Last Saturday, August 9, 2025, at exactly 11:02am local time, TWO bells rang out at the Urakami Cathedral in Nagasaki for the first time in 80 years.
What changed?
The Nagasaki Bell Project: Dr. James Nolan Jr. of Williams College donated the new bell, "Kateri," to the Archdiocese of Nagasaki, paid for entirely by donations from U.S. Catholics.
President of the St. Kateri Institute, Dr. Nolan is also the grandson of Dr. James Nolan of the Manhattan Project, responsible for developing the atomic bomb.
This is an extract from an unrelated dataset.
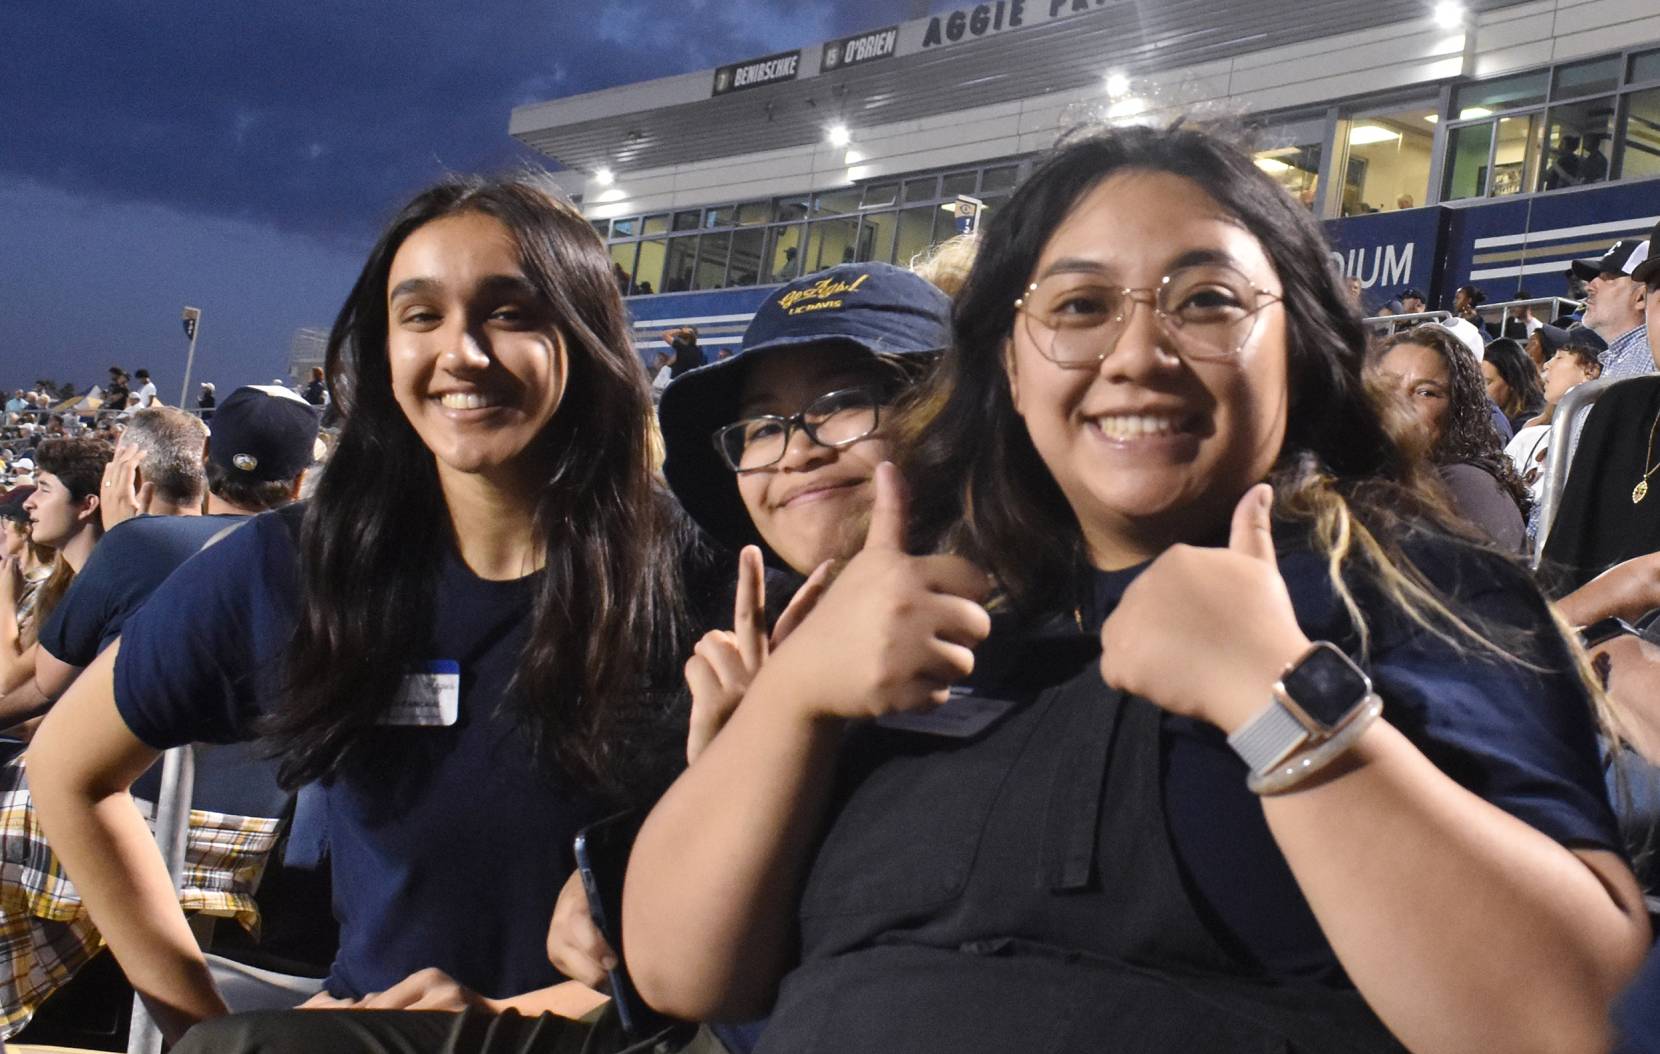 Three students pose for a photo at UC Berkeley's stadium at night, giving thumbs up

After finding his grandfather's personal letters and photographs, including the bombed Urakami Cathedral taken when his grandfather became one of the first persons from the U.S. to view the damage, he researched and wrote Atomic Doctors: Conscience and Complicity at the Dawn of the Nuclear Age. Weaving his grandfather's story into the narrative, Dr. Nolan examined the moral and ethical dilemmas facing the physicians associated with the Manhattan Project.
Inspired by a May 2023 interview with Nagasaki Catholics during which they suggested that U.S. Catholics replace the bell as a sign of solidarity, Dr. Nolan raised $125,000 from more than 600 donations; the bell, cast in St. Louis, reached Japan in July and was raised into the north tower on July 16, feast of Our Lady of Mount Carmel. I regret that I did not have an opportunity to donate.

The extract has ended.